[Task to carry out] Your response is a verbatim copy of the listing, stripped of its images.

[Dataset excerpt]
※

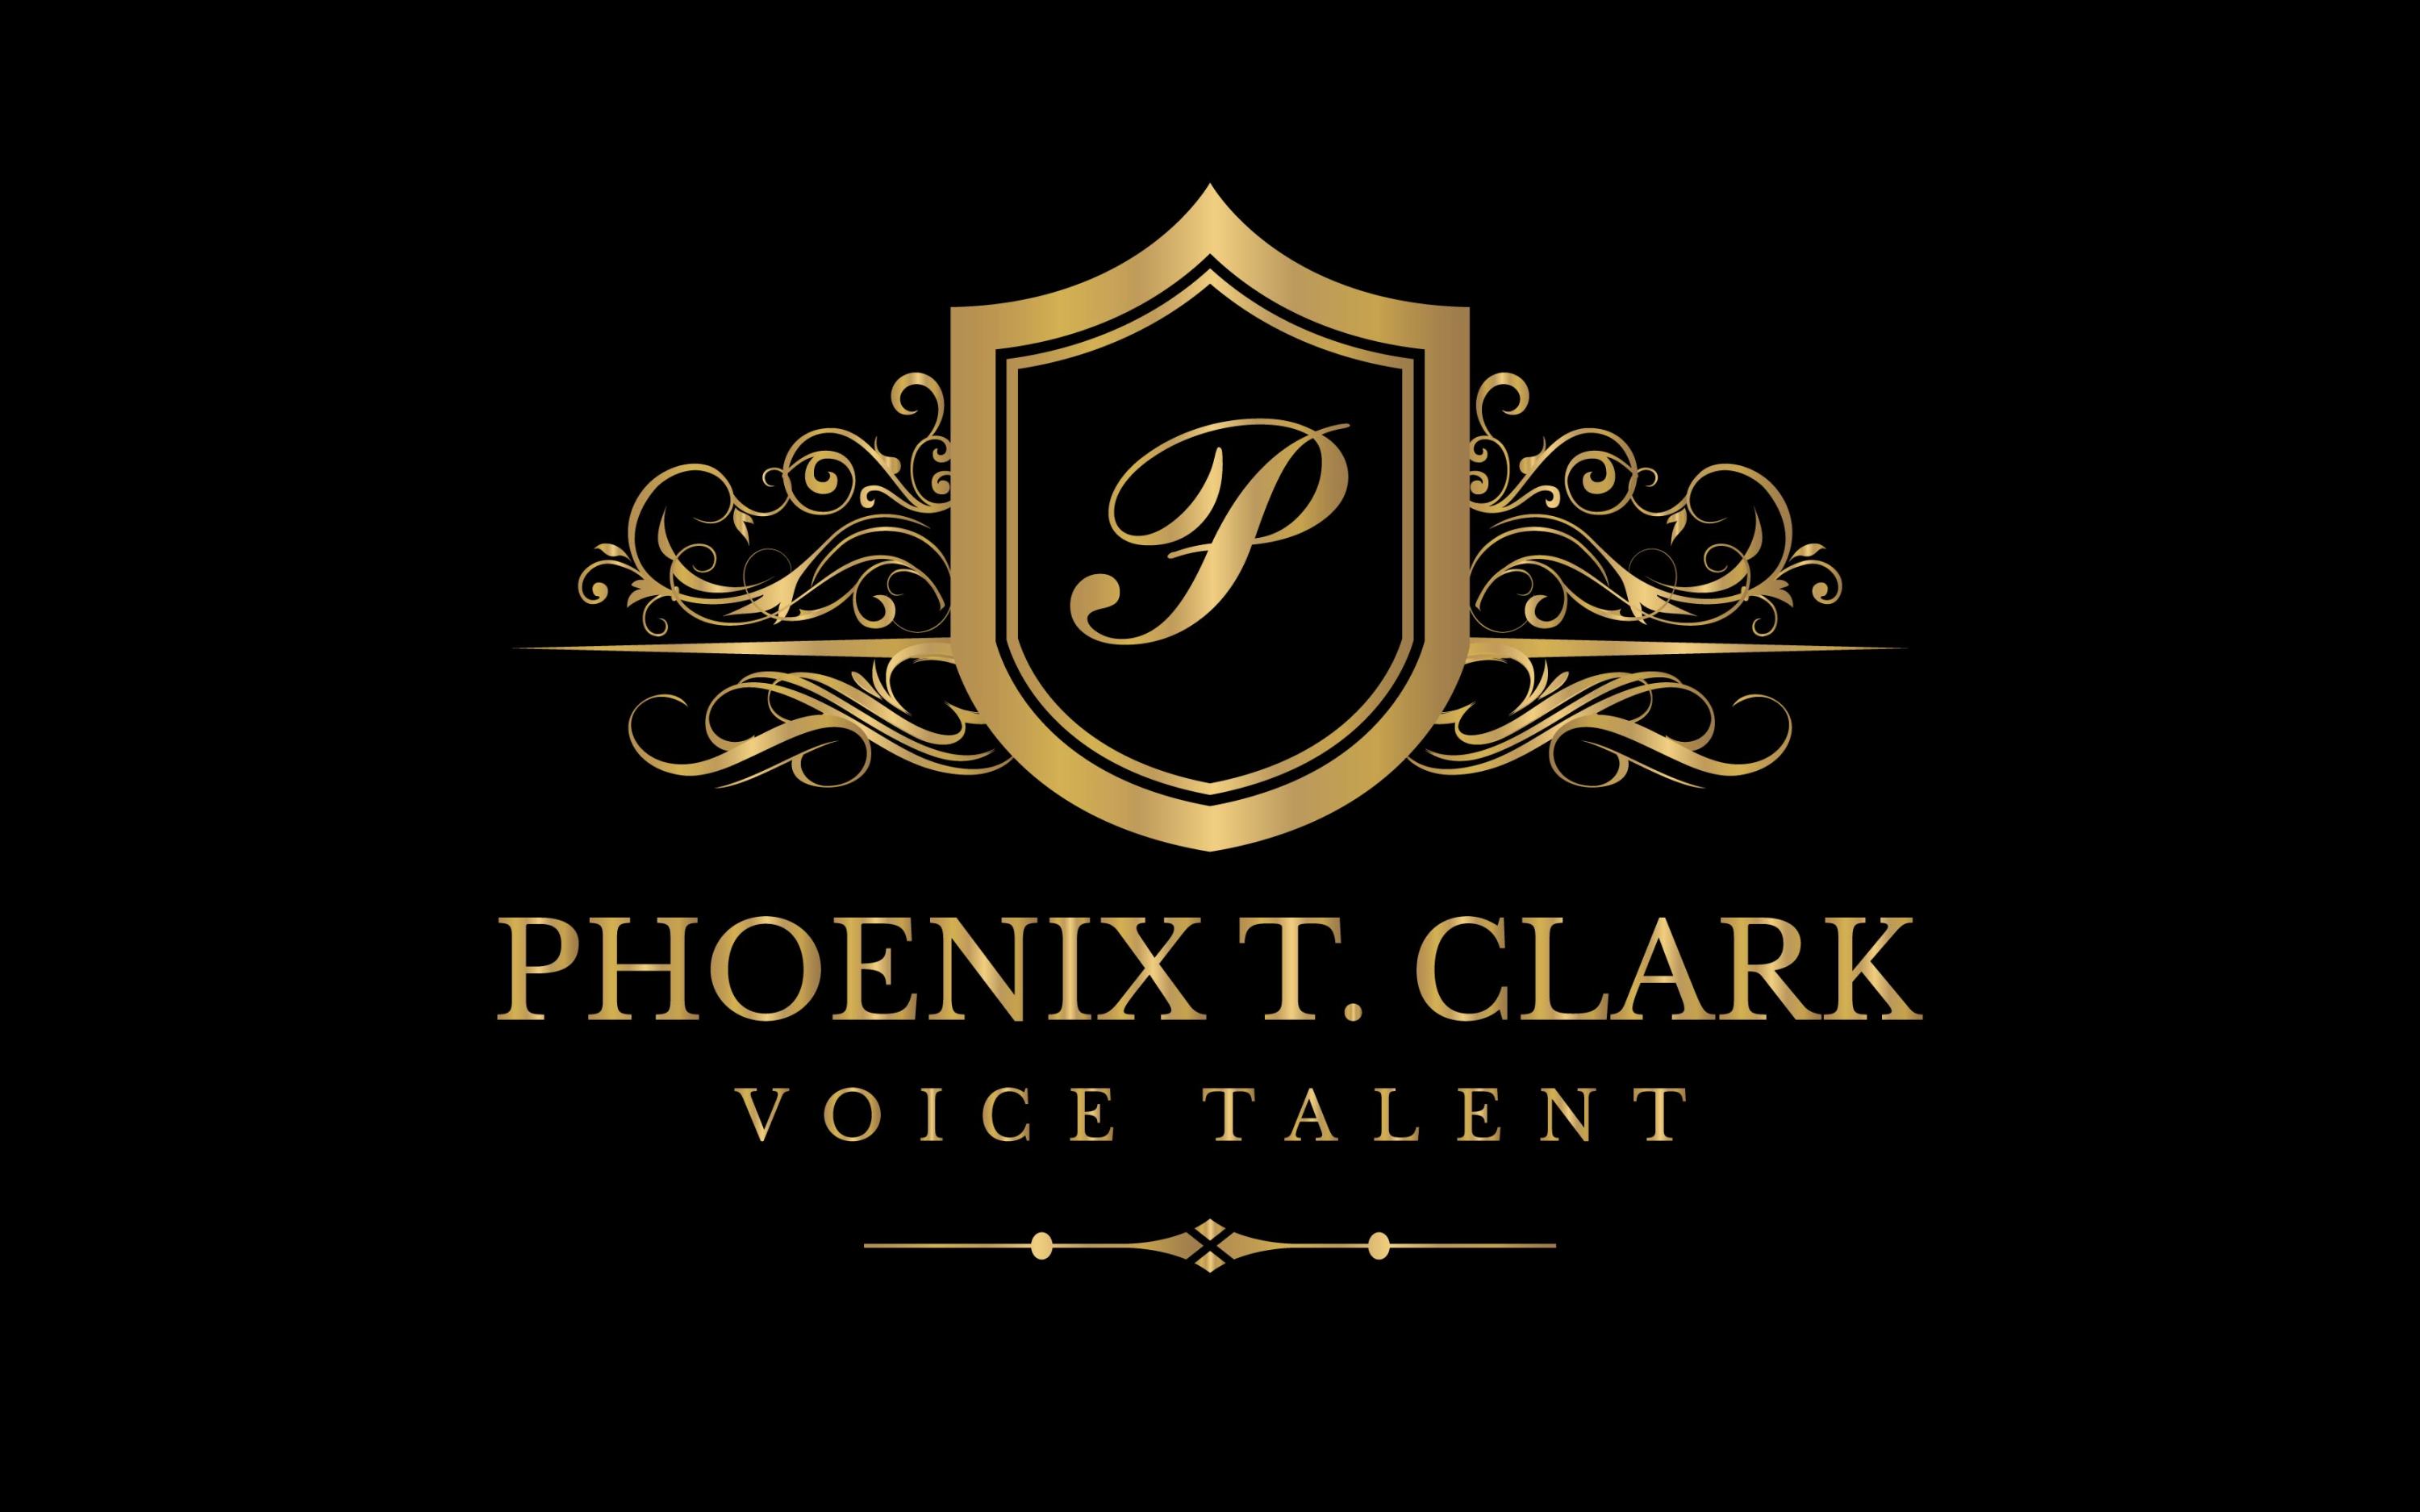 Professional Voice Over Talent to Record your voice mail and IVR systems
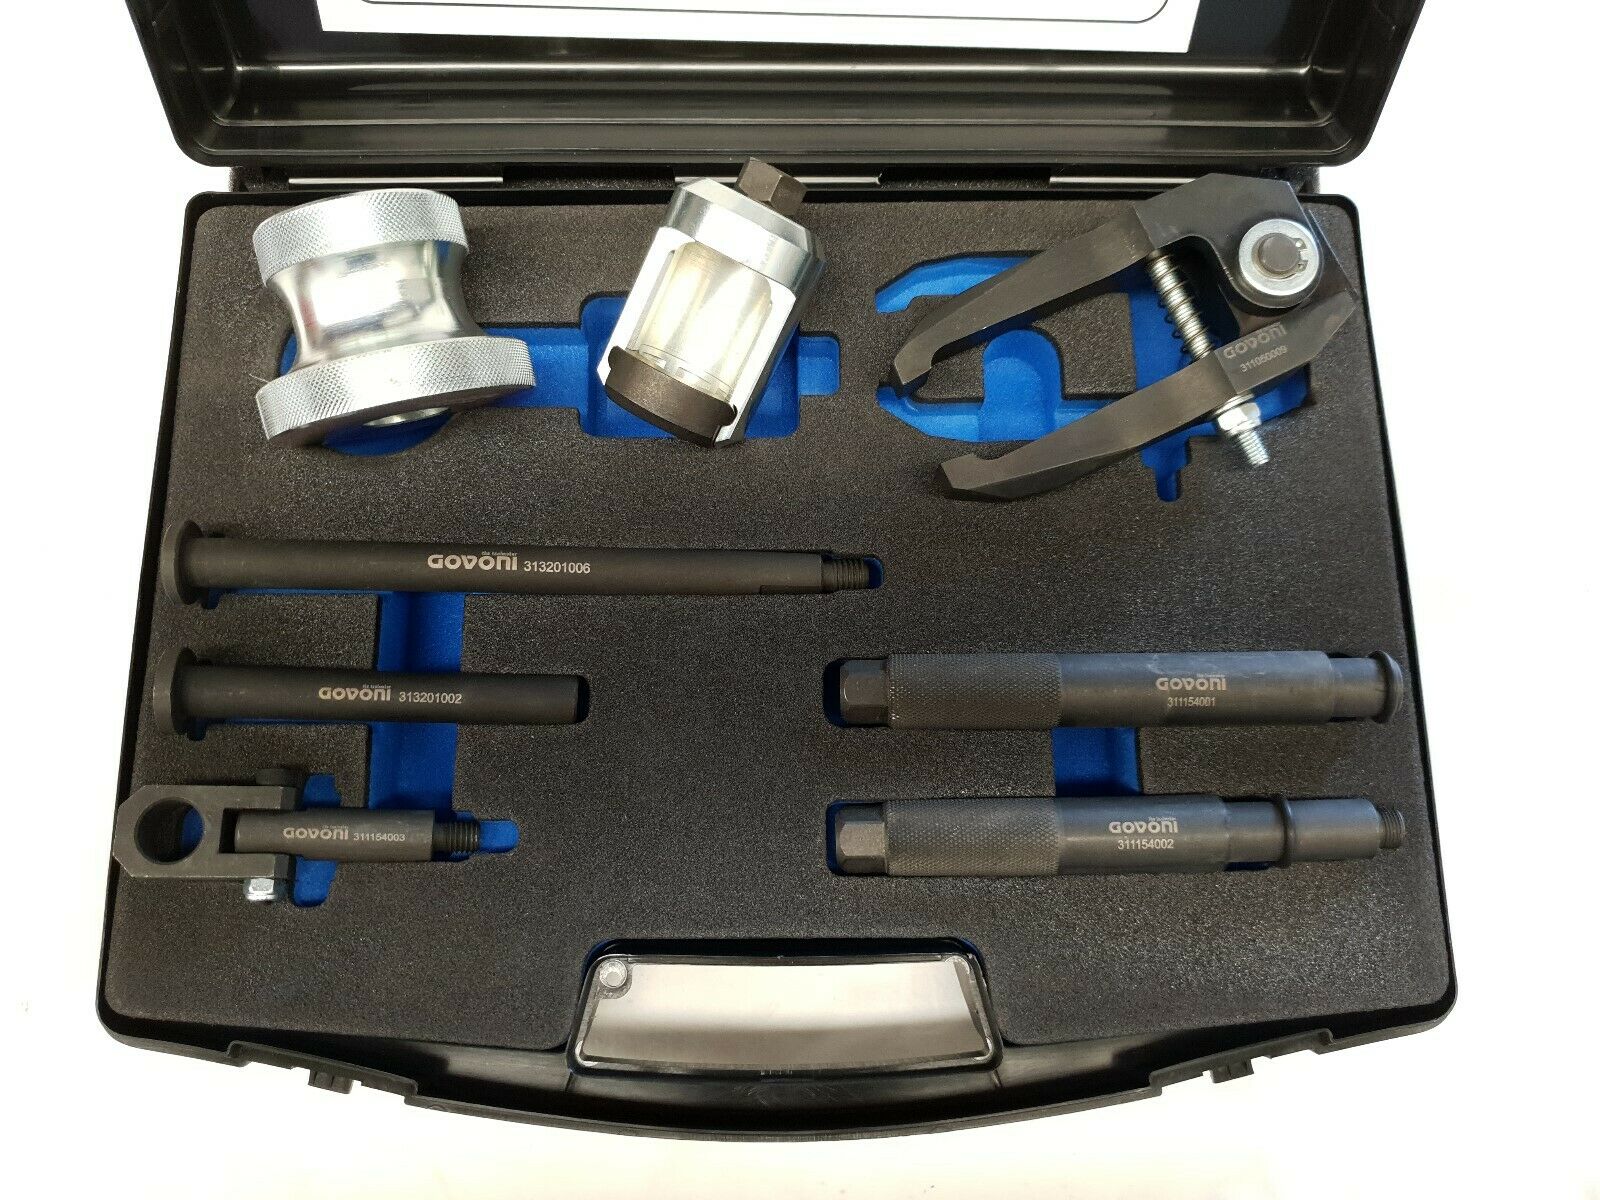 Universal Diesel injector Removal Kit with Slide Hammer and Special Injector Adaptors - Govoni - Specialist Tools Australia
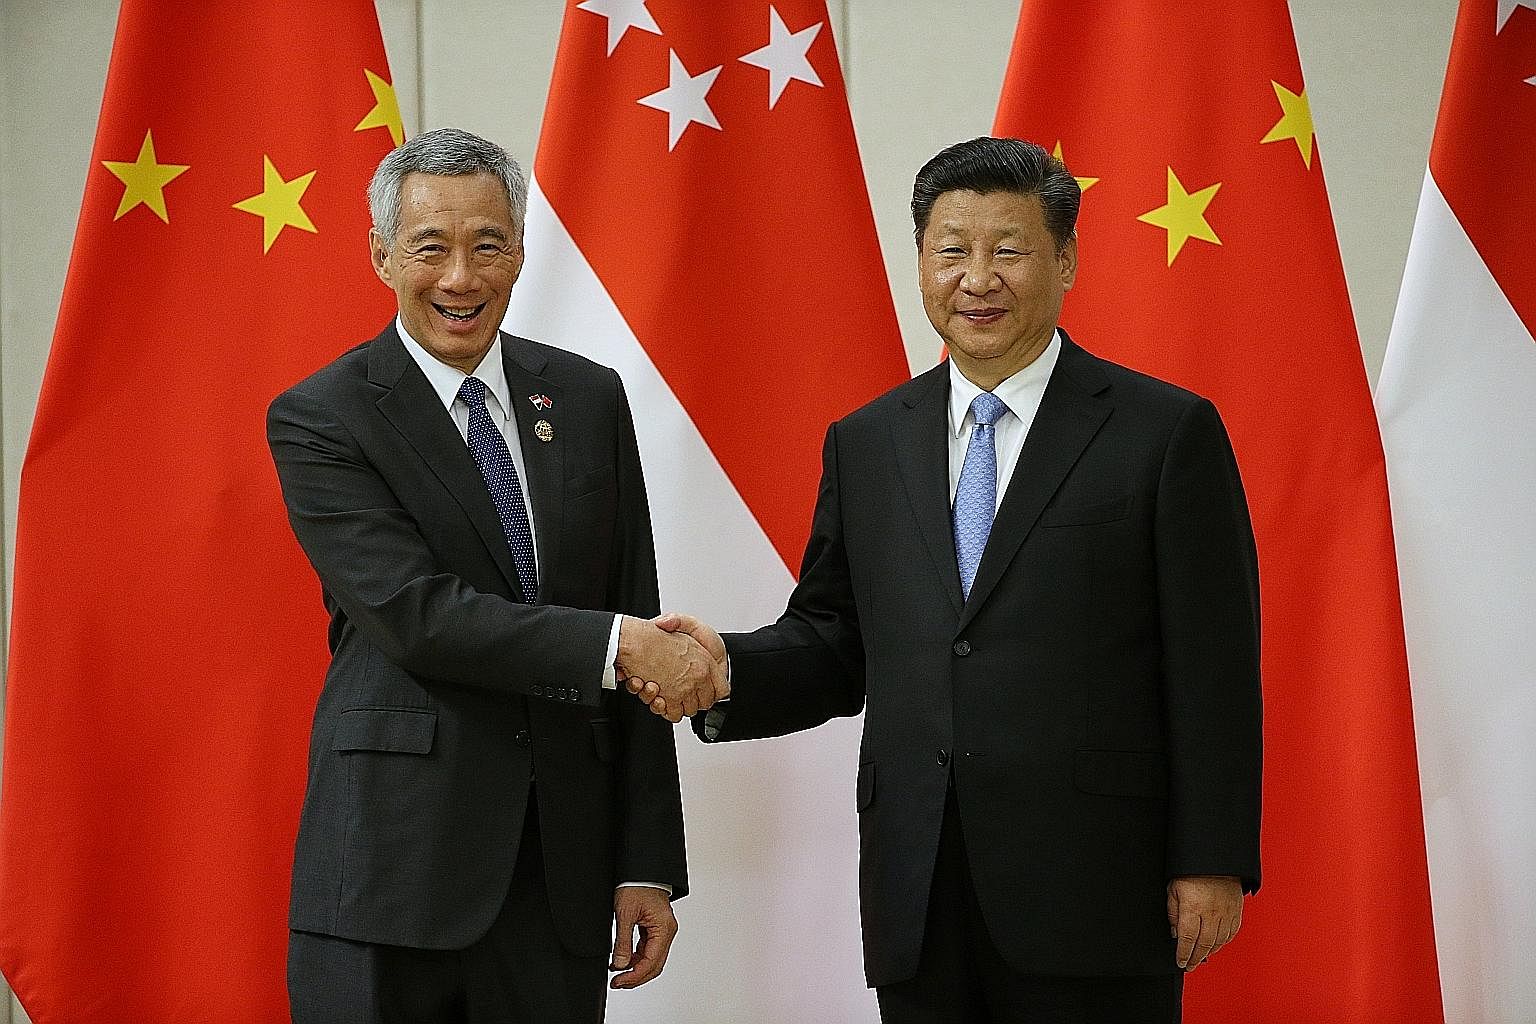 Prime Minister Lee Hsien Loong with Chinese President Xi Jinping at the Boao Forum on Tuesday. Mr Lee says in his speech that China's role in the international economy will grow larger. This has shifted the overall strategic balance. It has also rais

※

[Written reply]
 Professional Voice Over Talent to Record your voice mail and IVR systems
 Universal Diesel injector Removal Kit with Slide Hammer and Special Injector Adaptors - Govoni - Specialist Tools Australia
 Prime Minister Lee Hsien Loong with Chinese President Xi Jinping at the Boao Forum on Tuesday. Mr Lee says in his speech that China's role in the international economy will grow larger. This has shifted the overall strategic balance. It has also rais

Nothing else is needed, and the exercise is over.